I remember hearing about groundwater depletion in India for years, and it appears that has gotten to the point where if rainfall patterns are unexpected, there is no groundwater to fall back on as they have in the past. And if cities don’t have drinking water, what does that mean for industry and agriculture? This would seem to be bad news for the food supply. Sure, India can import food, but what happens when this occurs in other food-producing countries (like the U.S. Great Plains and major rice growers in Southeast Asia), and India is also competing with China and other populous countries in Asia and Africa for dwindling food stocks. Food is the nexus of land, water, and climate.
It is not just Chennai. According to the World Economic Forum,
As of 10 June, around 44% of the country was affected by various degrees of drought, due to a heatwave that has seen Delhi record its highest ever June temperature of 48℃. While south of the capital, the Rajasthan city of Churu saw highs of more than 50℃, making it one of the hottest places on Earth.
Around 600 million people are dealing with high-to-extreme water shortages, according to a 2018 report by NITI Aayog, a policy think tank for the Indian government…
By 2030, it’s predicted that 40% of the population will have no access to drinking water – and 21 cities, including Chennai and New Delhi, will run out of groundwater, impacting 100 million people, according to NITI Aayog.
Here are a few more eye-opening, if not jaw-dropping, quotes from Hong Kong-based Asia Times:
The southwest monsoons remain the biggest source of water in the subcontinent. The monsoons lead to a combination of water sources supporting human habitats that includes glaciers, surface irrigation and ground water. But redundancy and surplus have gone missing from this once abundant system. Taking their place are galloping shortages…

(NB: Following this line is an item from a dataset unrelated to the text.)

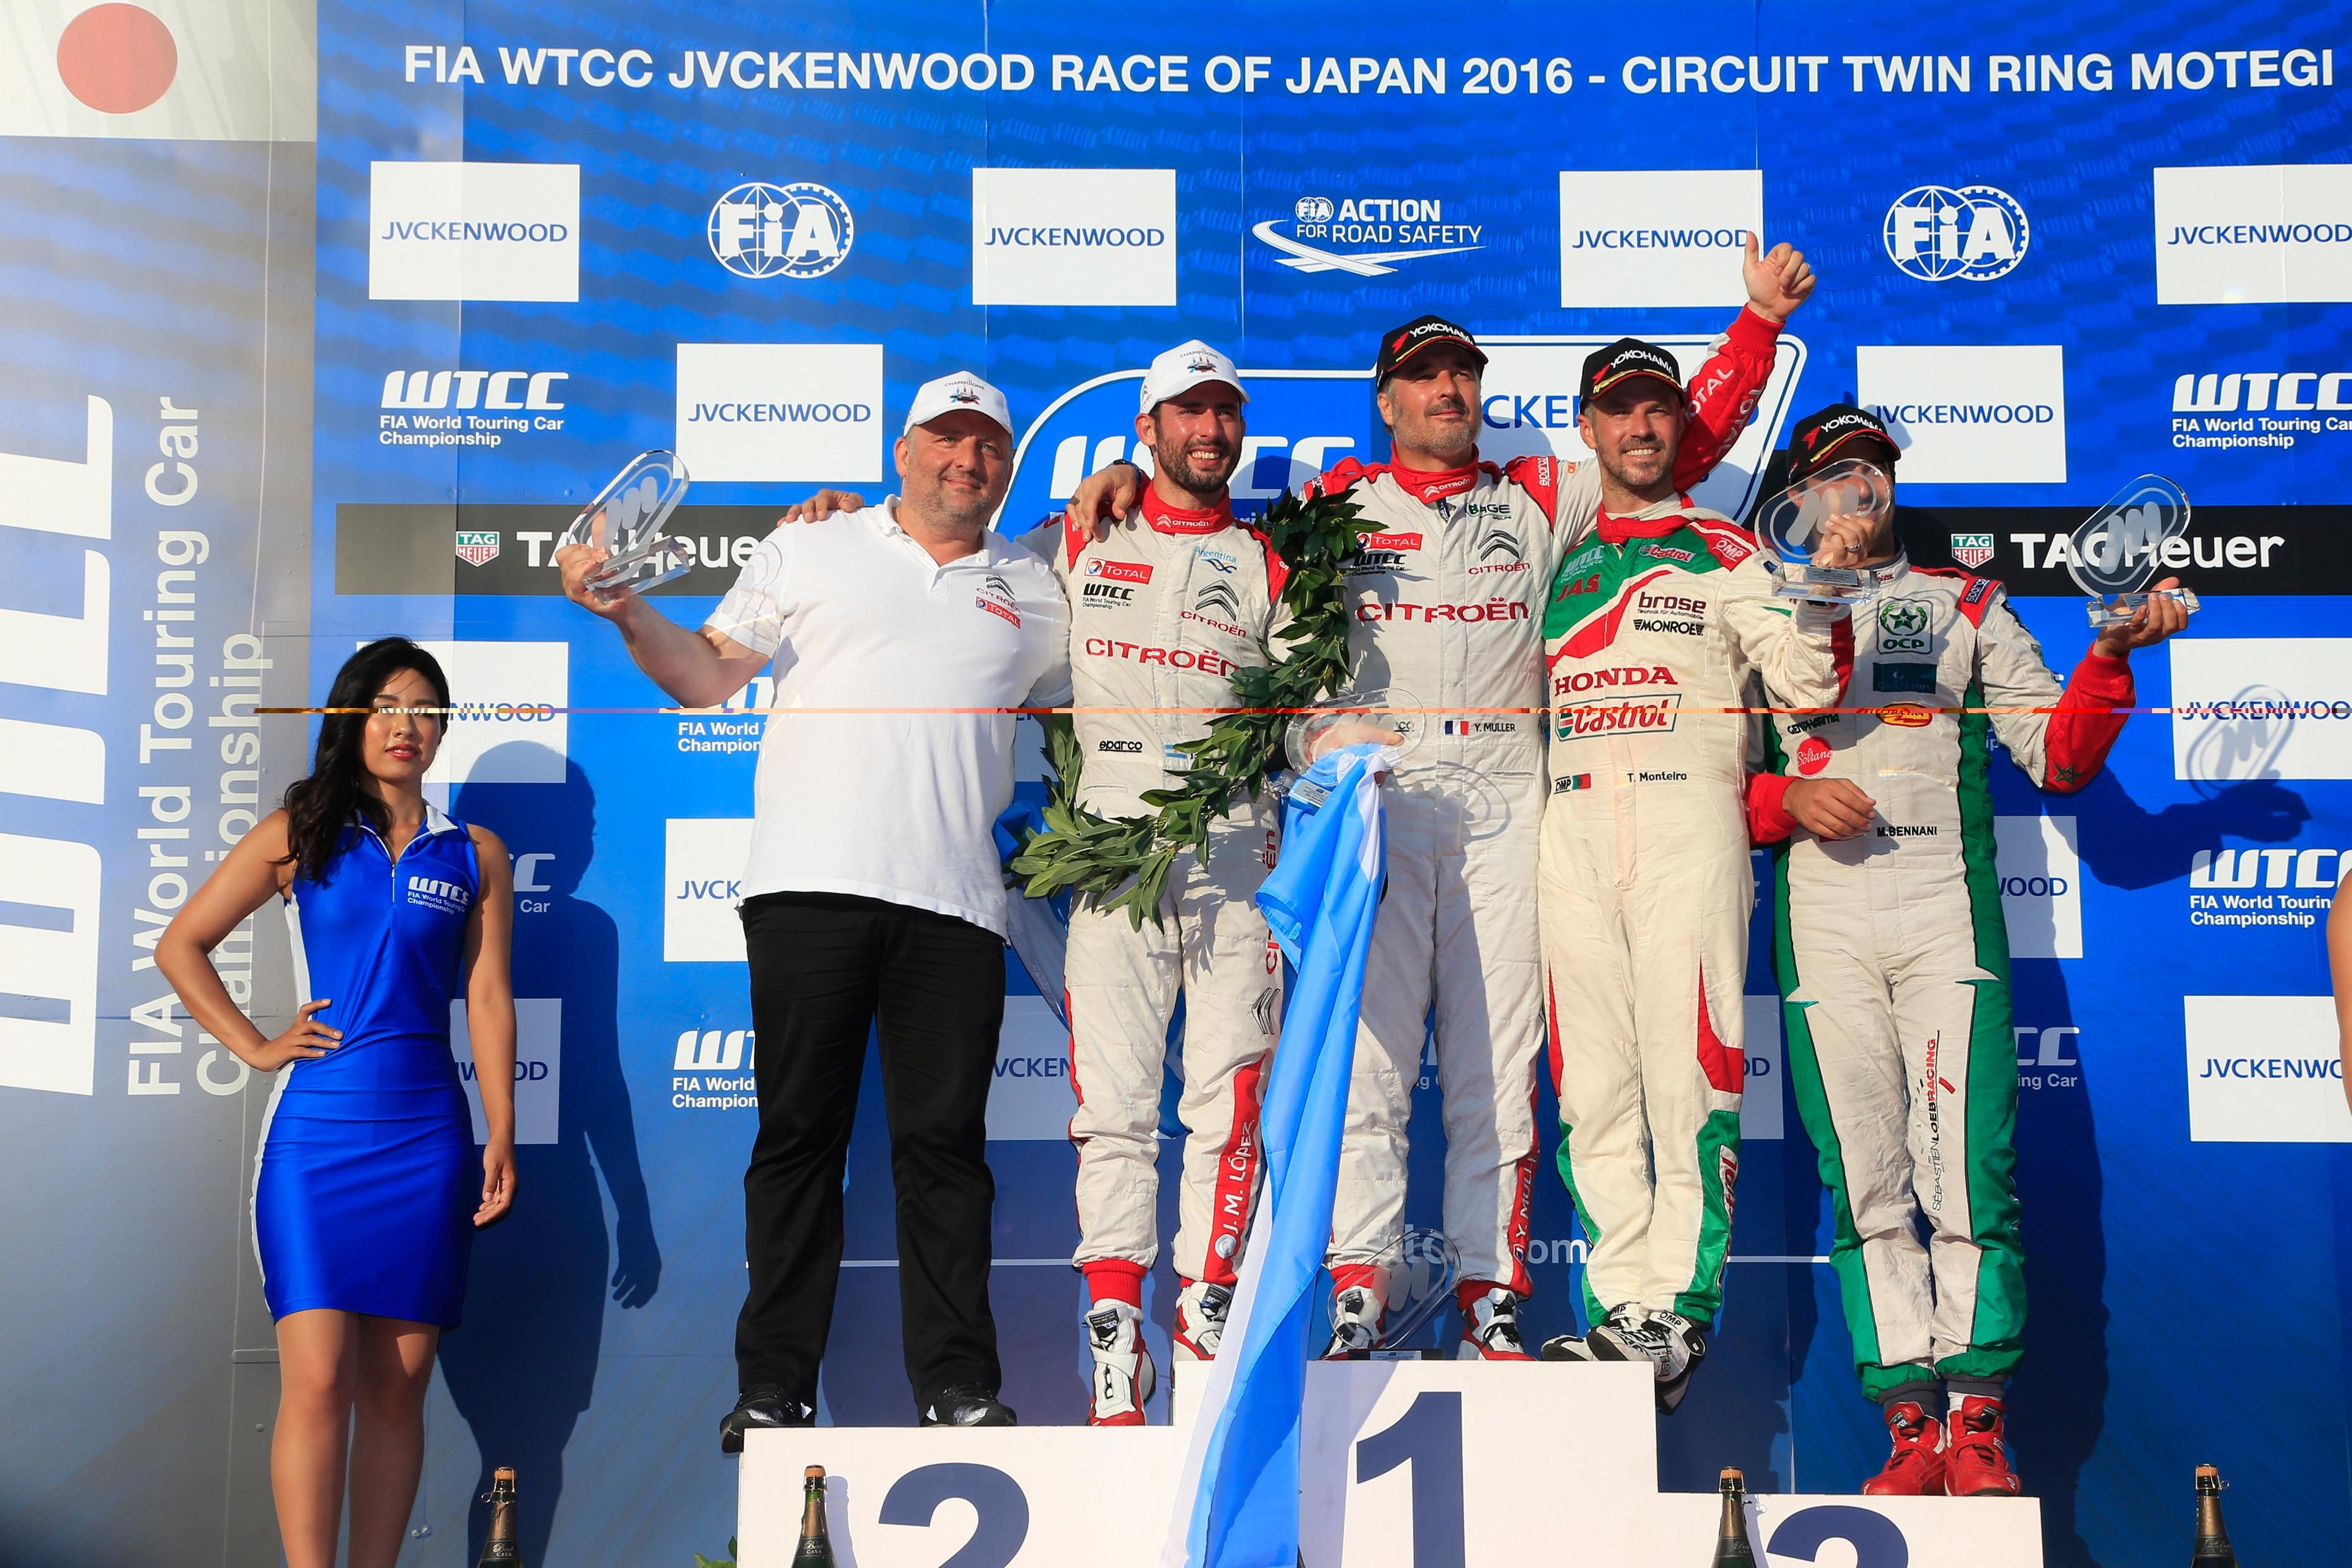 FIA WORLD TOURING CAR CHAMPIONSHIP 2016 - JAPAN - MOTEGI - WTCC - 01/09/2016 TO 04/09/2016 - PHOTO :  @World CITROEN TOTAL WTCC - YVES MATTON 68- YVAN MULLER - CITROEN TOTAL WTCC 37-JOSÉ MARIA LOPEZ - CITROEN TOTAL WTCC

Mukherjee is one of the editors of a landmark study that was published earlier this year. It predicts a terrible loss of the glaciers that dot the Hindu Kush-Himalaya region. “The Hindu Kush Himalaya Assessment” says that even if urgent global action on climate change is able to limit global warning to 1.5 degrees centigrade, it will still lead to a loss of a third of the glaciers in the region by the year 2100…
This has major implications for India, China, Pakistan, Nepal and Bangladesh. While the nearly 250 million who live in the Hindu Kush-Himalaya region will be most impacted from the outset, another 1.65 billion people who depend on the glacier-fed rivers are primarily at risk.
So there you have it – India historically has been supplied by redundant water sources including glacier-fed rivers, groundwater, and seasonal rainfall. Two of those three seem to be in doubt, and that leaves them at the mercy of whether the monsoon happens as expected each year or not.
India is a major democracy with a lot of technical and agricultural know-how. If they are not solving these problems, it does not seem to me to bode well for the rest of the world.
It also occurs to me that reducing carbon emissions is not the solution to this urgent problem. At least, governments can’t put all their eggs in that basket. They will have to invest in major water conservation and water reuse initiatives, and possibly high-tech and energy intensive measures like desalination.